Editor in Chief: Moh. Reza Huwaida Friday, July 5th, 2024

Labor Day in Afghanistan

The international Labor Day, today, is being marked in Afghanistan and across the world. As for the millions of workers around the world, this day has a special message for Afghan workers too – fight for your right. But awareness is so low that majority of the poor Afghan workers do not have even a little bit of know-how about their day.

Poverty has grabbed them in such a way that they have no time to raise their voice on this specified day against the deprivations they face. At least over the last 12 years – a period considered golden for Afghanistan as it has received billions of dollars in aid from the international community – the workers have availed no benefit while poverty has extended further to sophisticate their living. The Afghan government has turned a blind eye over the workers’ plight causing their hopes to die. The troubles the Afghan workers are facing are grave and multiple. Poverty serves as their biggest problem.   

A staggering 70 percent of Afghans survive on less than two dollars per day. Afghanistan is one of the poorest countries of the world where according to estimates more than 10 million people suffer absolute poverty. The condition is so despite the injection of billions of dollars of international aid into the economy of Afghanistan since the fall of Taliban in 2001.
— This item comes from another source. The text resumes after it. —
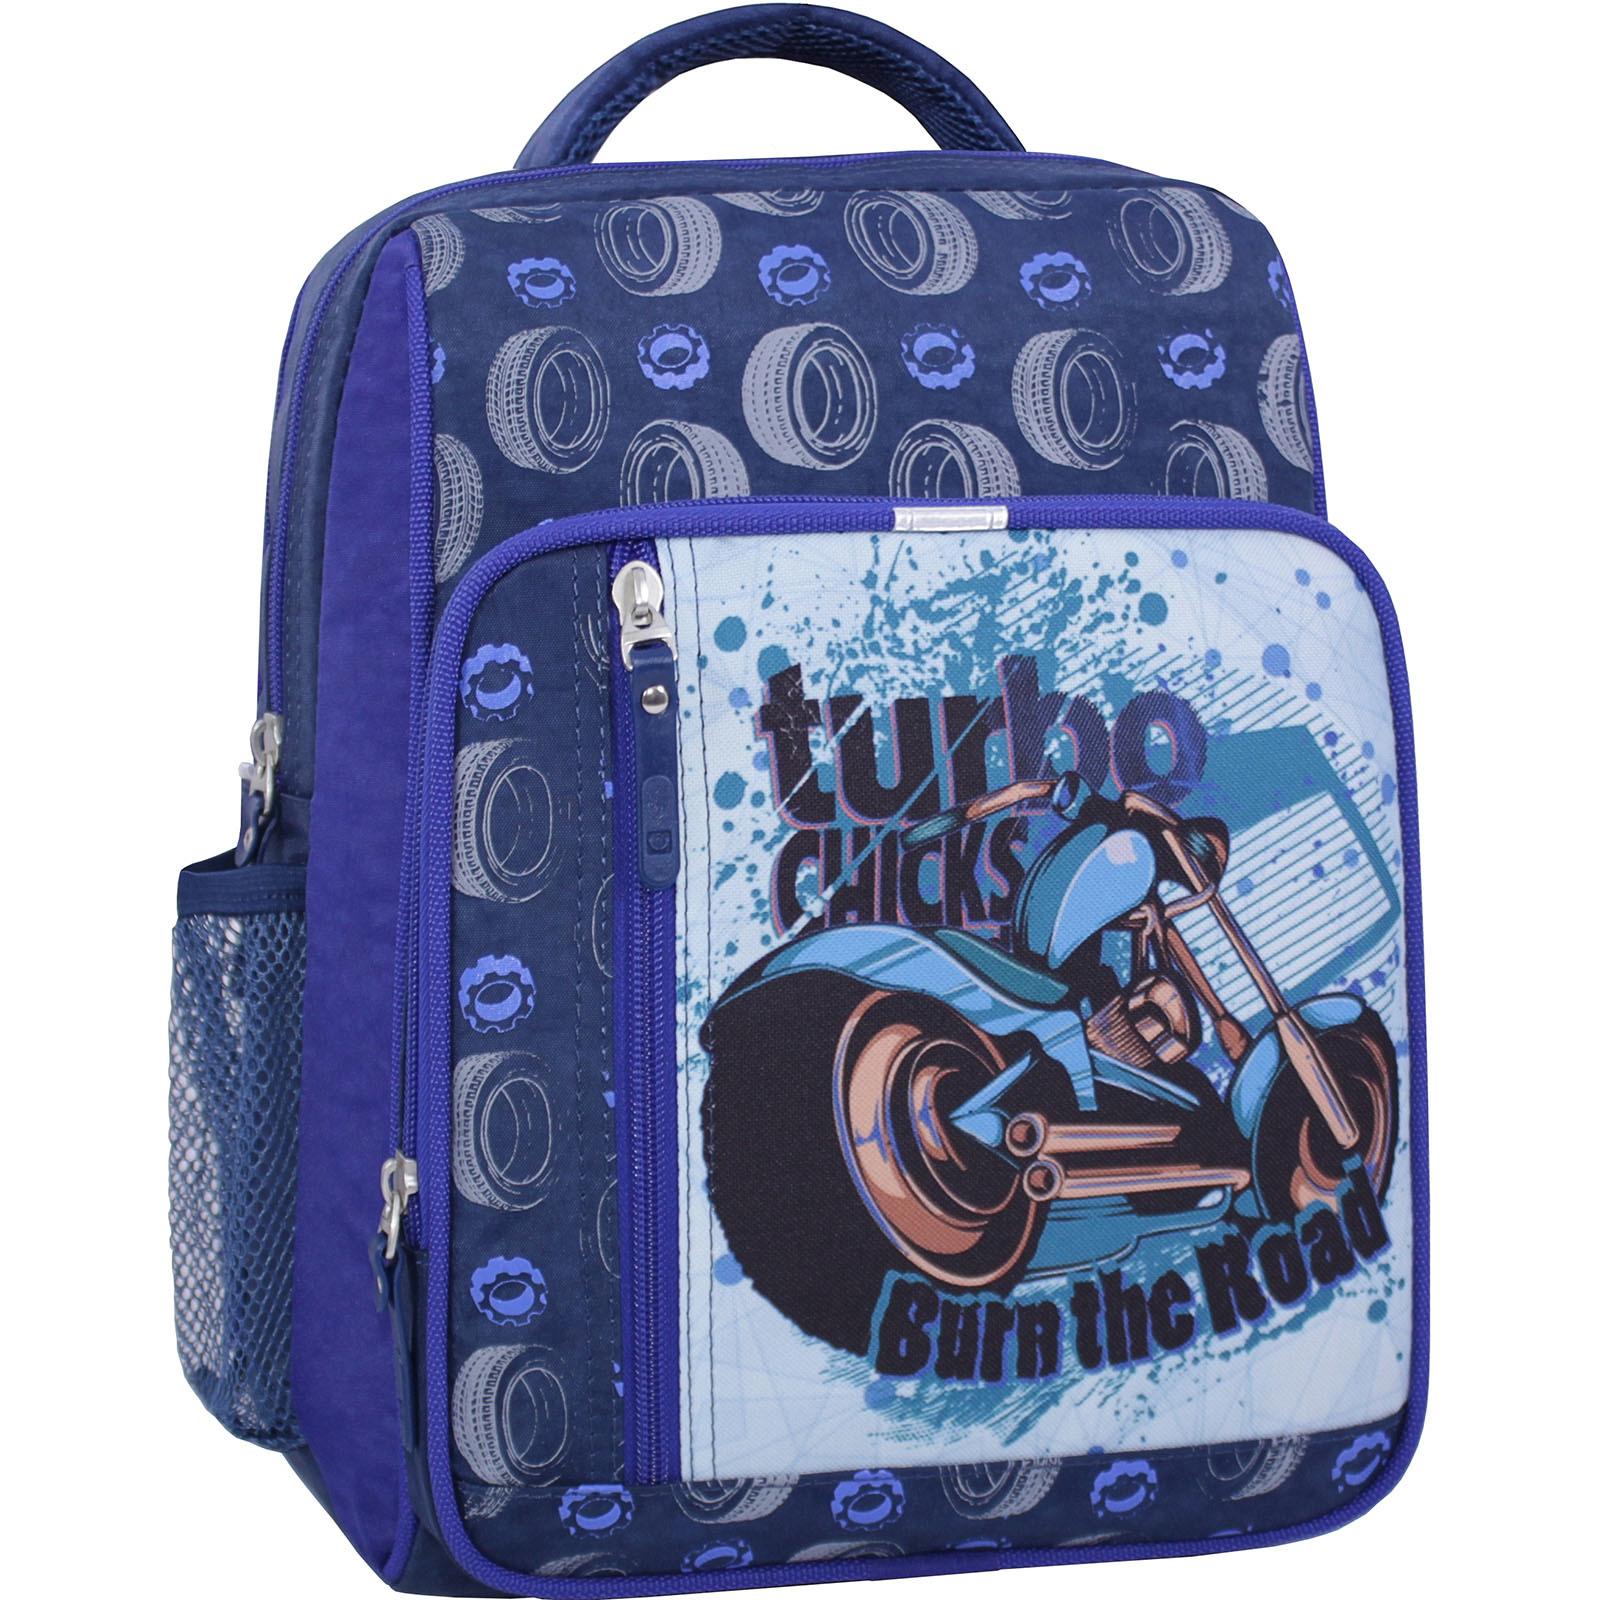 Школьные рюкзаки Рюкзак школьный Bagland Школьник 8 л. 225 синий 551 (00112702) IMG_2533_суб.551_.JPG
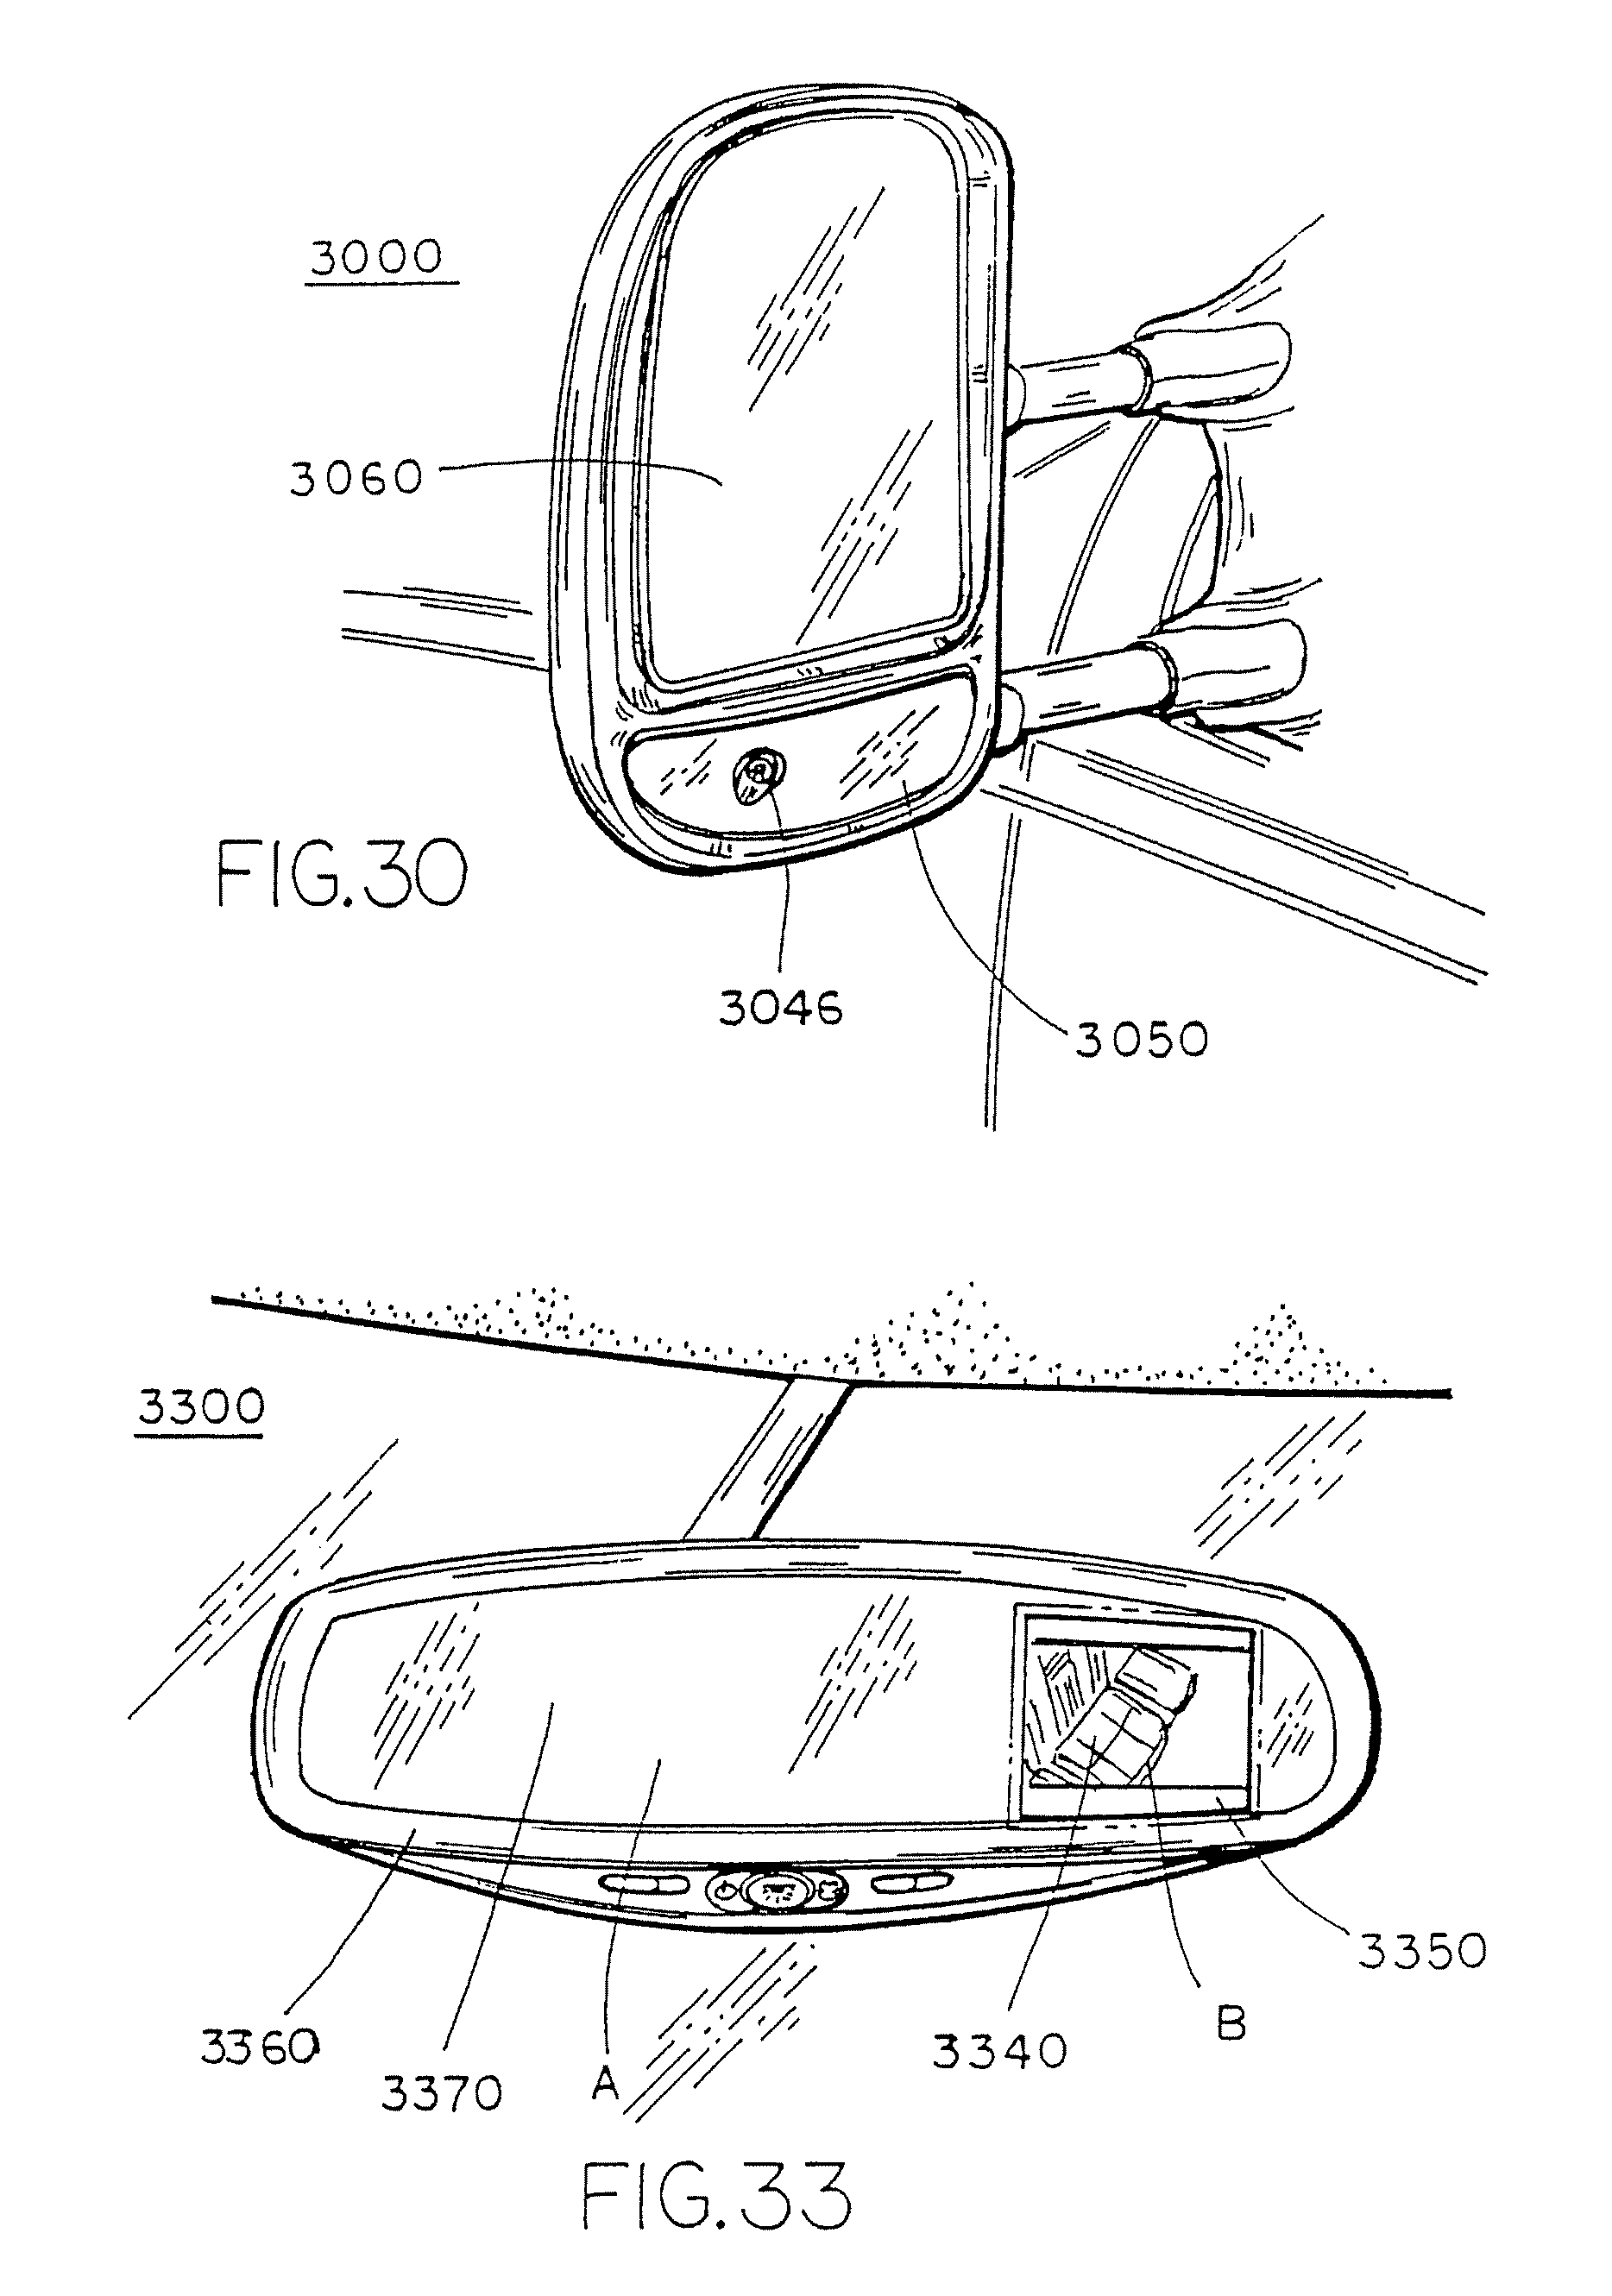 Patent US 8,044,776 B2

Corruption is perceived an important factor that has contributed to poverty. The benefits of huge amounts of international have not reached to common Afghans as those with more political power have concentrated on gaining much profit from the prevailing chaotic situation in which the government is so weak that it cannot say a word against the worsening problem given birth by corruption. Embezzlements, nepotism, lack of transparency and accountability and failure of international community to oversight how its funds are spent in Afghanistan can be deemed major reasons for why the common Afghans have benefited the little.

The word ‘worker’ does not apply merely to adults as the number of child laborers is also quite high in this country. In Afghanistan around 21 percent of child workers are employed in shops; 13 percent work as street vendors. Others work in vehicle repair, metal workshops, tailoring and farming. In Kabul and many other major cities of Afghanistan, there street children who shine shoes, beg, clean cars and collect and sell scrap metal, paper and firewood.

The condition of Afghan workers can only change for better, if there is a true willingness in government to support them, help them to become skillful and make proper uses of them in agricultural, industrial and mining sectors. Currently, the neighboring countries are obtaining more benefit from Afghan labors - who work at low wages - than Afghanistan itself.